Recent Improvements (May 2016)
The primary concern that motivated the Institute for the Study of the Ancient World at New York University to apply for a Digital Humanities Implementation grant for Pleiades from the National Endowment for the Humanities was website speed and reliability. The grant was awarded in August 2015 and work began in earnest in January 2016.
Late on the 13th of May, 2016, software developers from Jazkarta, Inc., who are working on the grant under subcontract to NYU, deployed a series of software upgrades designed primarily to address site performance. These upgrades were deployed to a new, more capable web server, provided under contract by long-time Pleiades hosting provider Tummy.com. During the subsequent two weeks, Jazkarta and Tummy personnel have collaborated with members of the Pleiades editorial college to monitor, analyze, and tune these upgrades for optimum performance.
Compared with the same period two years ago, the average download time for Pleiades pages has improved by nearly 75%, from a painfully-long 12 seconds down to about 3 seconds. The following plot, generated with Google Analytics, provides a day-by-day visual comparison.
Google defines average page download time as follows: "the average amount of time (in seconds) it takes for pages from the sample set to load, from initiation of the page view (e.g. click on a page link) to load completion in the browser."

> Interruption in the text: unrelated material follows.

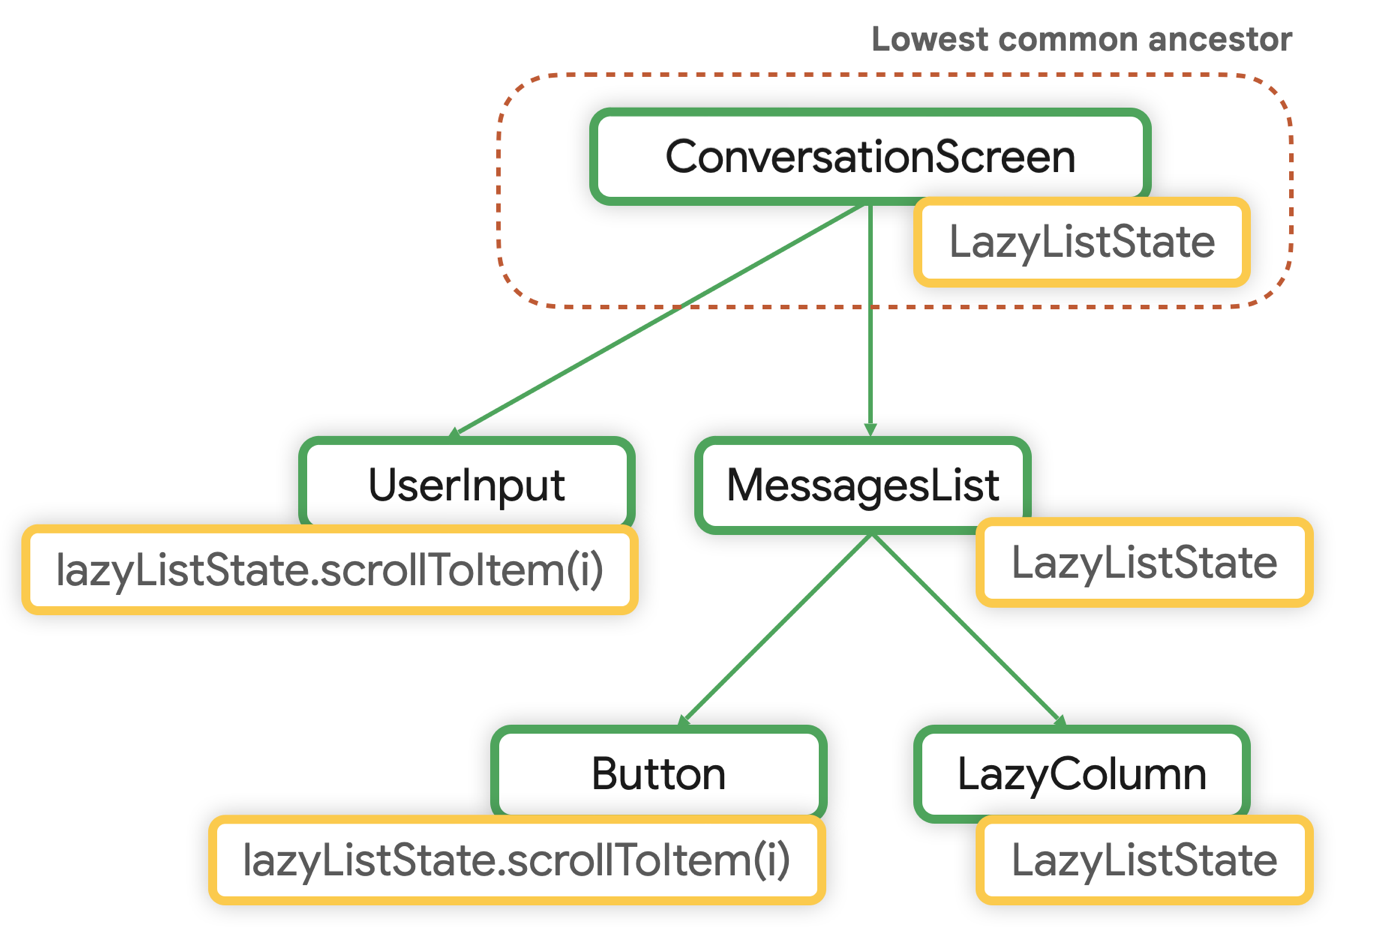 El principal común más bajo para LazyListState es ConversationScreen.

Improved and Reinstated Features
These performance improvements have been achieved even though we have re-enabled or upgraded several features that were aging, had failed, or had been disabled previously in order to combat periodic site slow downs and failures. These include:
The Flickr "Photos" Portlet
The Pleiades Flickr Photos Portlet once again appears on each place page. It automatically queries the Flickr photo-sharing website for images that have been "machine tagged" using Pleiades identifiers. The portlet constructs a link to all such images. Moreover, if the editorial college has identified one of these images as a "place portrait image" by adding it to the Pleiades Places Group on Flickr, that image is displayed in the portlet. The portlet was updated to work with the latest version of Flickr's Application Programming Interface (API).
The screen capture at right shows the Flickr Photos Portlet as it appears on the Pleiades place page for ancient Nemea in Greece. The featured portrait photo was taken and published on Flickr under open license by Carole Raddato (a.k.a. Following Hadrian).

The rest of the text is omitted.